Reason I ask this, is part of my layout will eventually have Naval ships. I used to be in the navy and would like to have models of them included. Problem is, one is over 500 feet long.


----------



## Dennis461 (Jan 5, 2018)

*re-calibrate*

Navy ship?
Why not start small....


----------



## swimmer_spe (May 3, 2016)

Dennis461 said:


> Navy ship?
> Why not start small....


Who says I will just plunk it into my layout?

I am doing N scale.


----------



## Lehigh74 (Sep 25, 2015)

You don't need much room for some types of Naval vessels. Here is one on an HO layout.


----------



## swimmer_spe (May 3, 2016)

Lehigh74 said:


> You don't need much room for some types of Naval vessels. Here is one on an HO layout.
> 
> 
> View attachment 468102


Now that's just cheeky!


----------



## CTValleyRR (Jul 26, 2014)

Lehigh74 said:


> You don't need much room for some types of Naval vessels. Here is one on an HO layout.
> 
> 
> View attachment 468102


Been there, done that. Got the Navy Expeditionary Medal. Maybe not QUITE that close to shore, but still.

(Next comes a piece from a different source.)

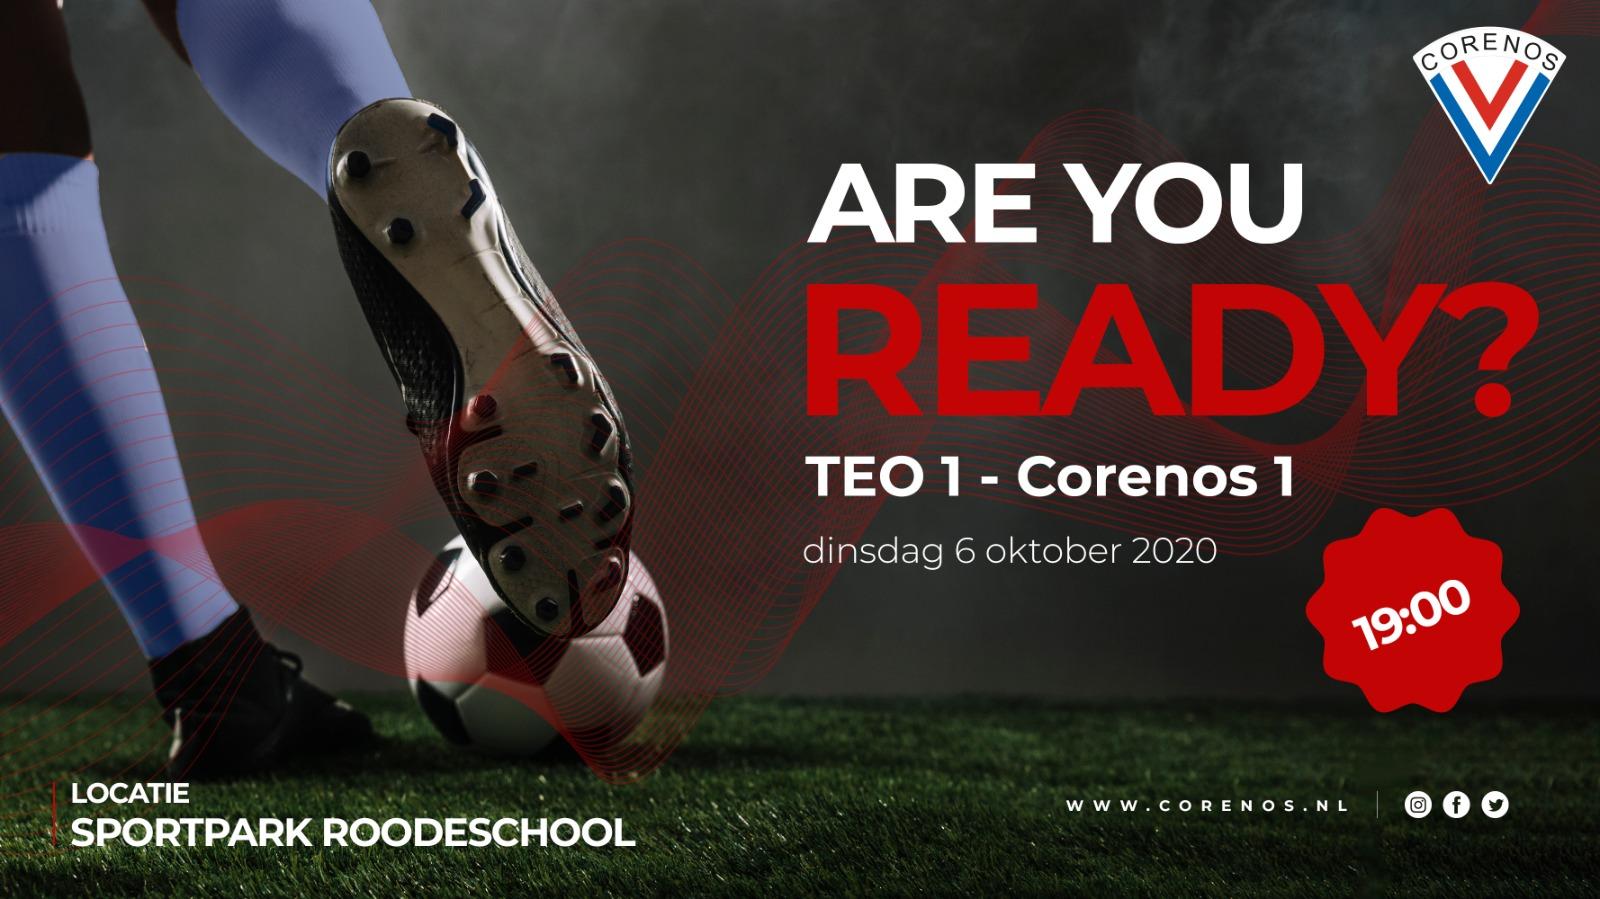 Programma 6 oktober

For the OP, ships are huge, and in full (accurate) scale will take up quite a bit of room. You might be better off using a 1:200 scale model, which will convey the size and presence without taking up quite so much room.


----------



## MichaelE (Mar 7, 2018)

Full scale HO ships can be seen on der Wunderland model railroad in Hamburg and in the many videos that have been made appearing on You Tube.

This will give you some idea of what you are getting into. Of course, N scale won't be as large, but will still be a sizable addition to your railroad.


----------